名古屋大学(名大)は、同大らの研究チームが、植物の気孔開口を抑制する新規の化合物を発見したことを発表した。

この成果は、名大トランスフォーマティブ生命分子研究所(WPI-ITbM)の木下俊則教授、佐藤綾人特任准教授、大学院理学研究科の藤茂雄 研究員(現・明治大学農学部特任助教)、井上心平氏、東北大学工学研究科の魚住信之教授らによるもので、日本植物生理学会の国際誌「Plant & Cell Physiology」に掲載された。

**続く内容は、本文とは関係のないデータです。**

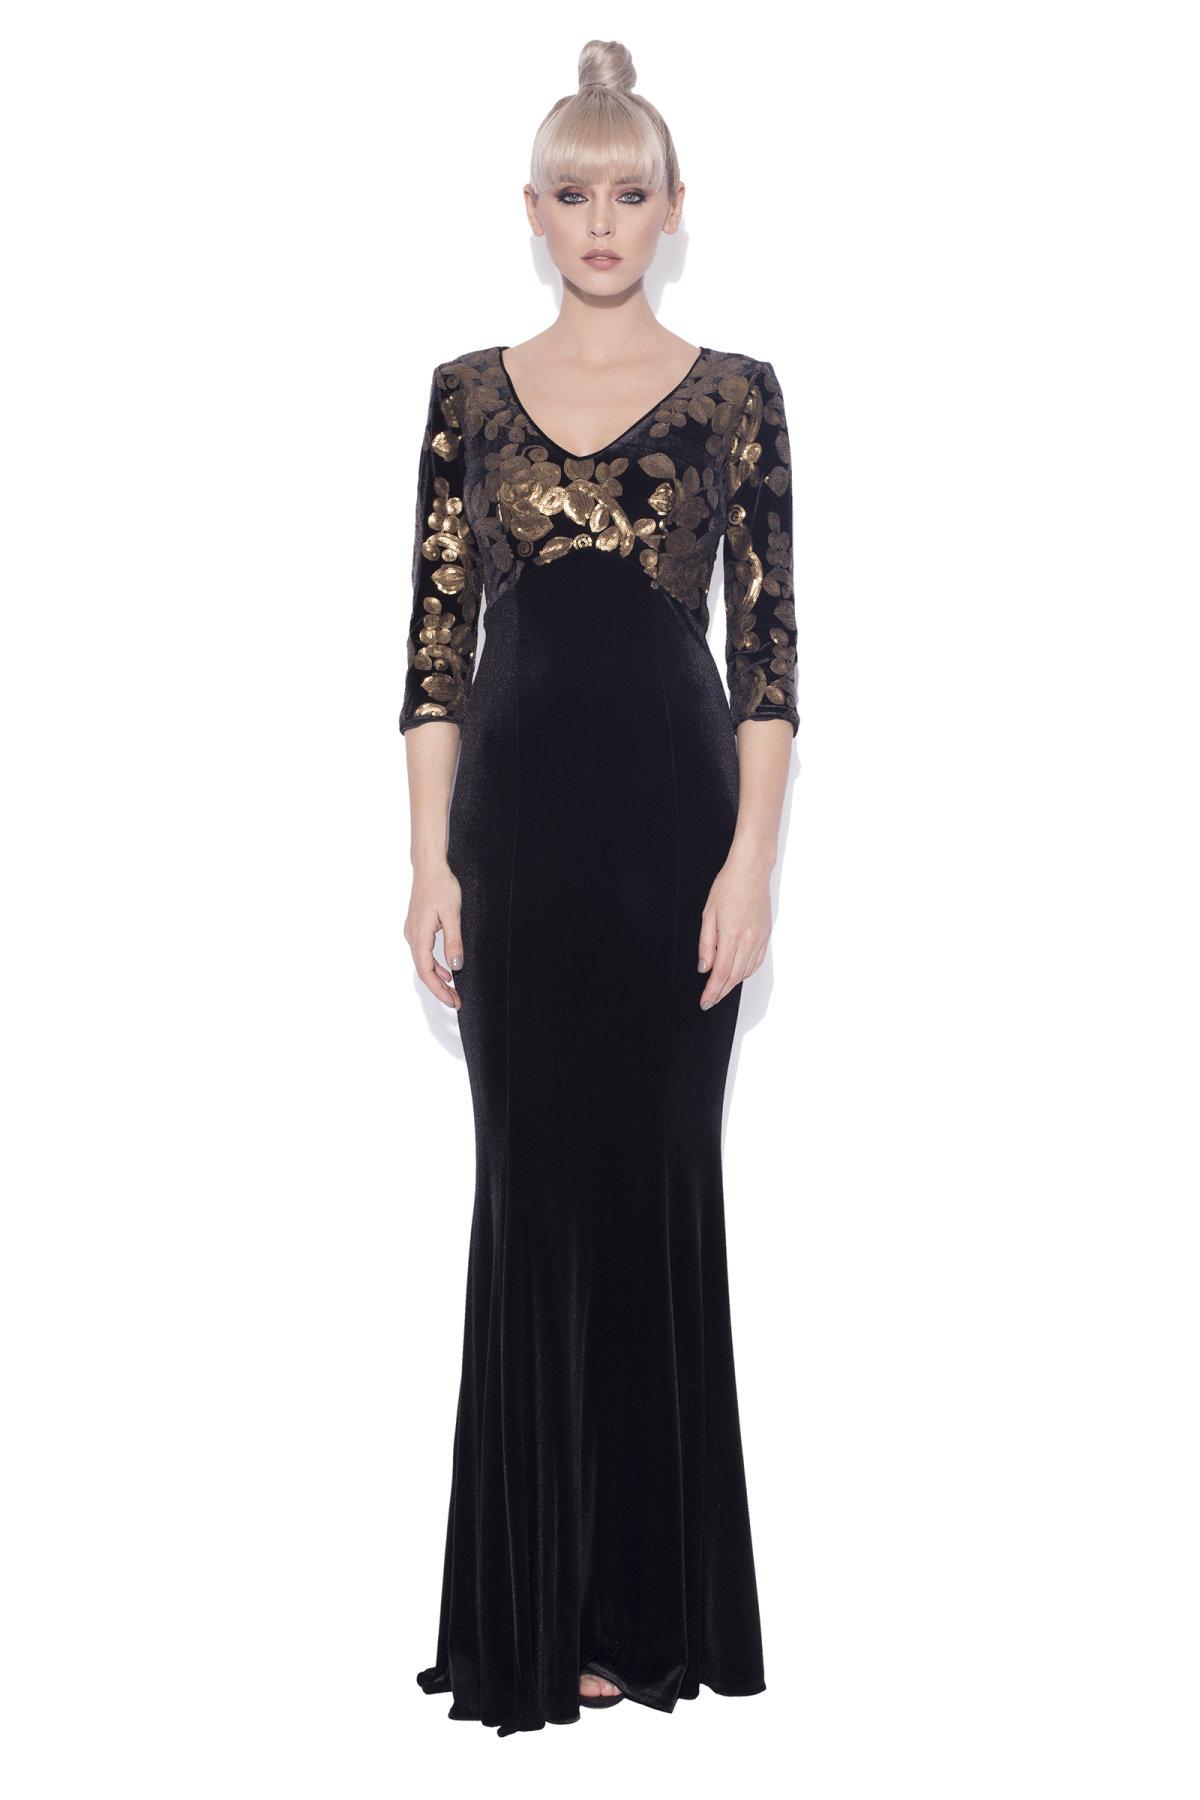 77f91b3e8a8d7 Velvet dress with sequin detail | rs9935 | NISSA

気孔は、植物の表皮にある孔で、太陽光に応答して開き、光合成に必要な二酸化炭素の取り込みや、水と酸素の放出など、植物体の通気口として働いている。気孔が開くためには、気孔のエンジンとして働く細胞膜プロトンポンプ(タンパク質)が光によって駆動される必要がある。しかし、青色光がどのようにプロトンポンプを活性化するのか、シグナル伝達の詳細は明らかになっていない。

研究チームは、化合物ライブラリーを用いて、気孔開度に影響を与える化合物の網羅的な検索を行った。まず、植物(マルバツユクサ)の気孔開度を簡便に、かつ効率よく計測する実験系を確立した。次に、この方法により、約2万化合物の中から、光による気孔開口を抑制する化合物9個と、暗所下で気孔開口を促進する化合物2個を選抜した。

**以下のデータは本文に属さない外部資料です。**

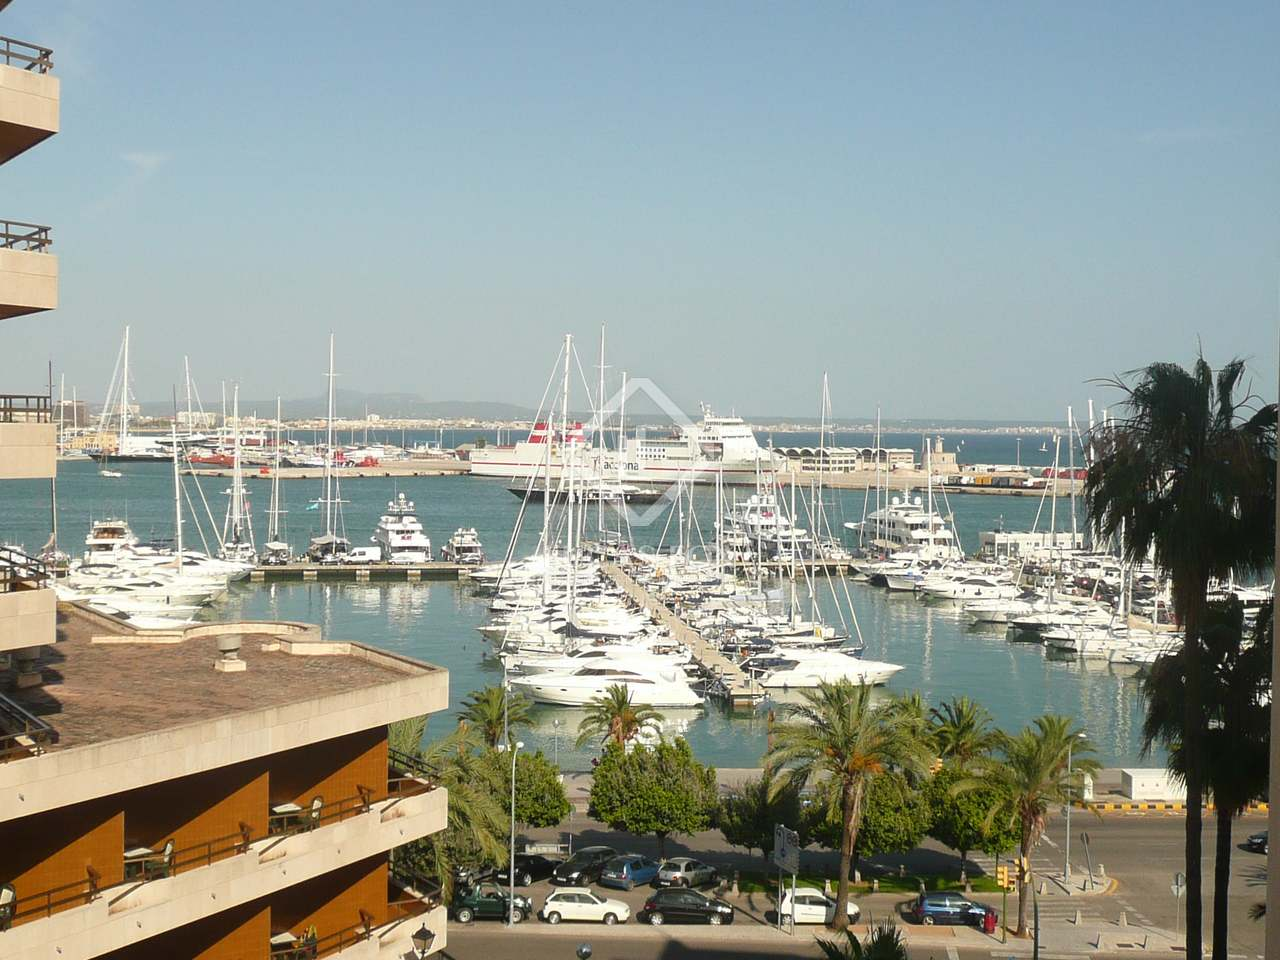 Propiedad frente al mar en venta en palma mallorca - Casas para alquilar en mallorca ...

光による気孔開口を抑制する2化合物(SCL1、SCL2)について詳細な解析を行ったところ、これらの化合物は気孔閉鎖を誘導する植物ホルモン・アブシジン酸とは異なる様式で気孔閉鎖を引き起こしていること、気孔開口のエンジンとして働く細胞膜プロトンポンプの活性化を阻害することで気孔開口を抑制することが明らかとなった。

さらに、SCL1をバラやエンバクの葉に散布し、葉を切り取って観察したところ、乾燥による葉のしおれが顕著に抑制されることが明らかとなった。このことから、同研究では、気孔開度に影響を与える新規化合物の選抜を起点とし、気孔開口の重要因子細胞膜プロトンポンプを阻害することで、切り花や生け花の鮮度保持や、農作物の乾燥耐性付与剤としての利用が期待される化合物の同定に成功した。

今回、研究チームが発見した気孔開口を抑制する2化合物(SCL1、SCL2)は、アブシジン酸のような多面的な作用を持たず、気孔のみに作用して植物に乾燥耐性を与えることから、副作用のない理想的な乾燥耐性剤の開発に繋がることが期待される。想定される利用方法としては、切り花や生け花の鮮度保持や、それらの大幅な輸送コストの削減、乾燥地における農作物の乾燥ストレスの軽減などが考えられる。